Lizzy Welby completed her PhD, entitled Out of Eden: Mapping Psychic Spaces In Rudyard Kipling’s Fiction, in September, 2010 at the University of East Anglia, United Kingdom. She is a Council Member of the Kipling Society, London. Her latest publications include: ‘Monstrous Mama: Confronting the Horror of Female Fecundity in Angela Carter’s The Passion of New Eve’ (forthcoming) and ‘Solar Midnight: Traversing the Abject Borderline State in Rudyard Kipling’s “The City of Dreadful Night”’, in The Domination of Fear, ed. by Mikko Canini (New York and Amsterdam: Rodopi Press, 2010), pp. 147-171.

Debra WYNN
the Library of Congress
dwyn@loc.gov

ipling in Oregon

This paper will discuss Kipling’s travels in the United States Pacific Northwest (Oregon and Washington State in 1889), particularly to Oregon, my own home state, comparing Kipling’s account of the landscape, the people, his critique of Americans in the Pacific Northwest in his published account in ‘From Sea to Sea’, with his letters to Edmonia ‘Ted’ Hill (The Oregon portion of the trip is not mentioned in detail in Andrew Lycett’s edited work Kipling Abroad). The paper will also examine the US reception of Kipling’s ‘American Notes’ specifically as they relate to the Pacific Northwest from contemporary newspaper accounts. This discussion will also draw on information from an unpublished account in the scrapbook in the William M. Carpenter Kipling Collection at the Library of Congress which gives an account of William M. Carpenter’s trip in 1925 retracing Kipling’s steps along the United States West coast and his account about Oregon in particular where Carpenter reports on his interviews with one of the gentlemen Kipling fished with on his salmon fishing trip mentioned in ‘From Sea To Sea’.

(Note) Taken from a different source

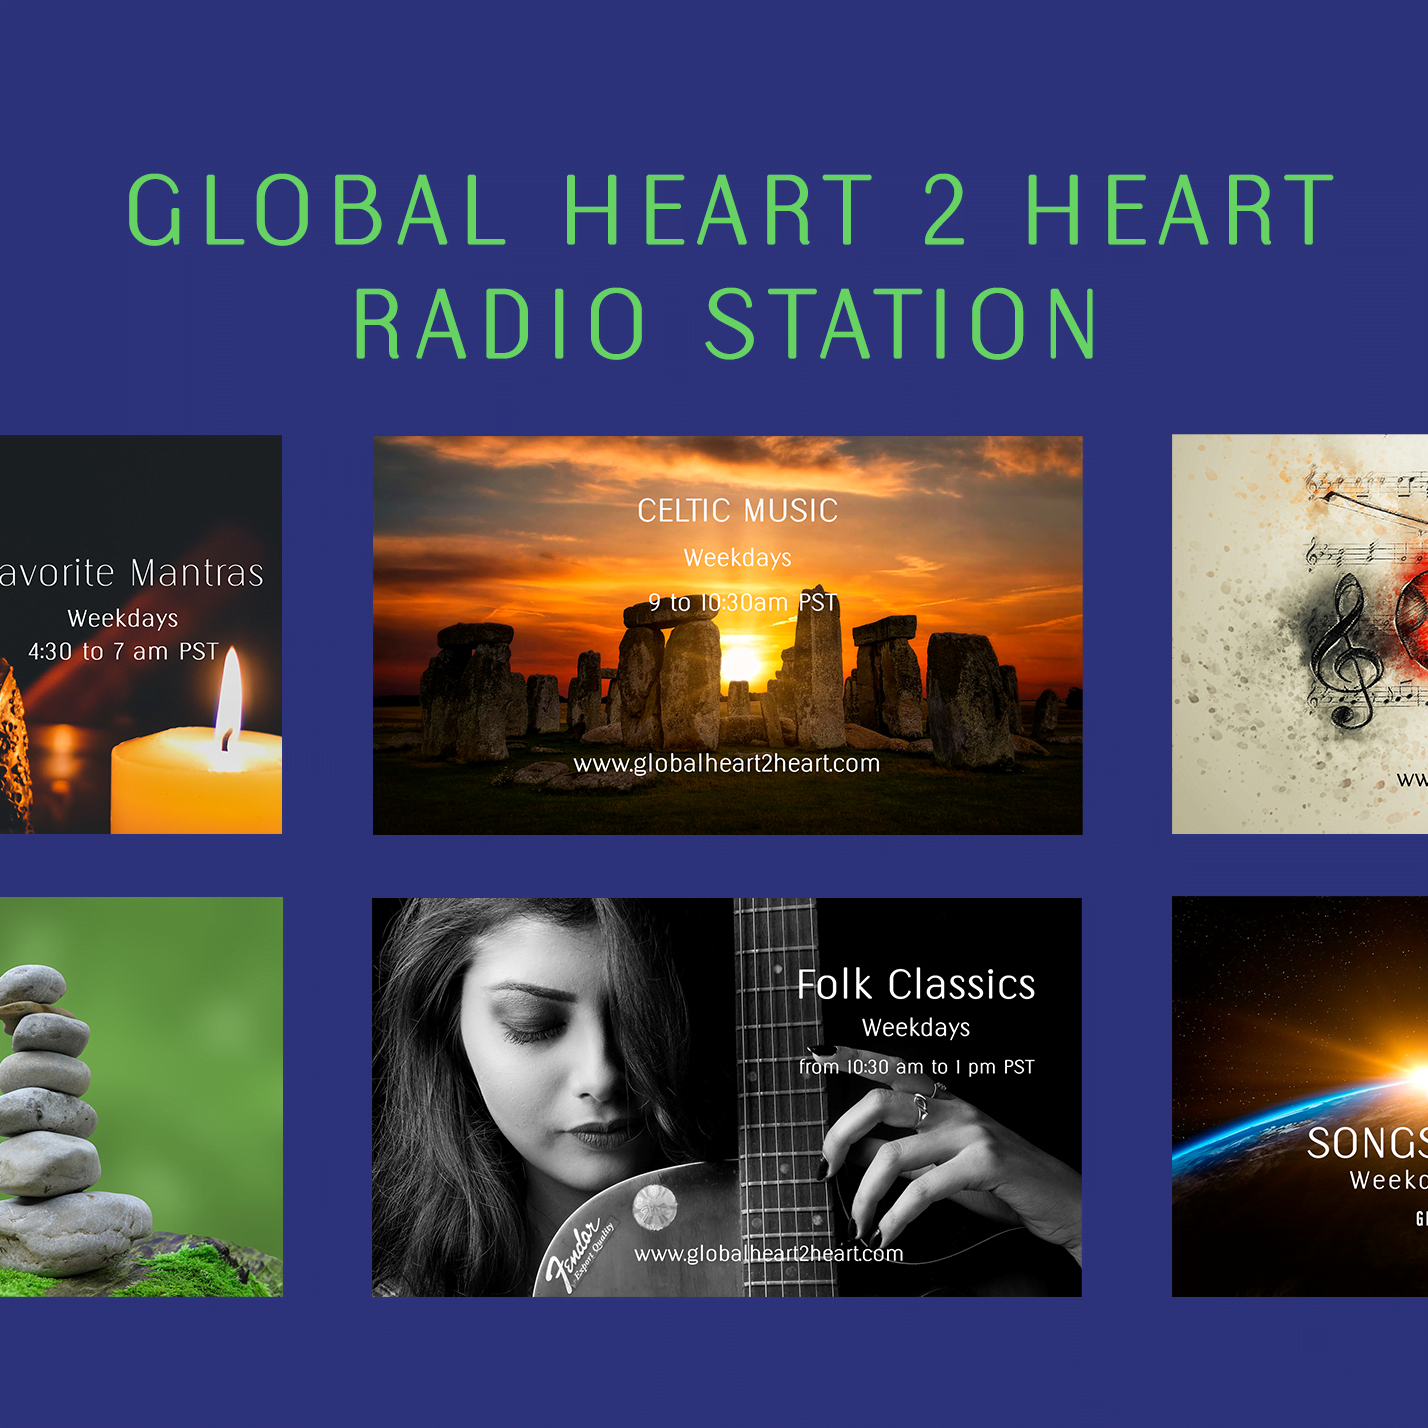 Global Heart 2 Heart Radio Schedule

The presentation will show copies (via PowerPoint) of unpublished photographs Carpenter took along the Clackamas River where Kipling and his companions went fishing and the house identified in 1925 where Kipling stayed during his 1889 trip. It will also draw on my own research, investigating any lasting legacy or other personal recollections of reactions to Rudyard Kipling and his visit to Oregon in June 1889. This presentation hopes to build on the splendid annotations by David Page from The New Readers’ Guide of the Works of Rudyard Kipling of Chapters XXVI and XXVII of ‘From Sea to Sea’ presented on the Kipling Society website.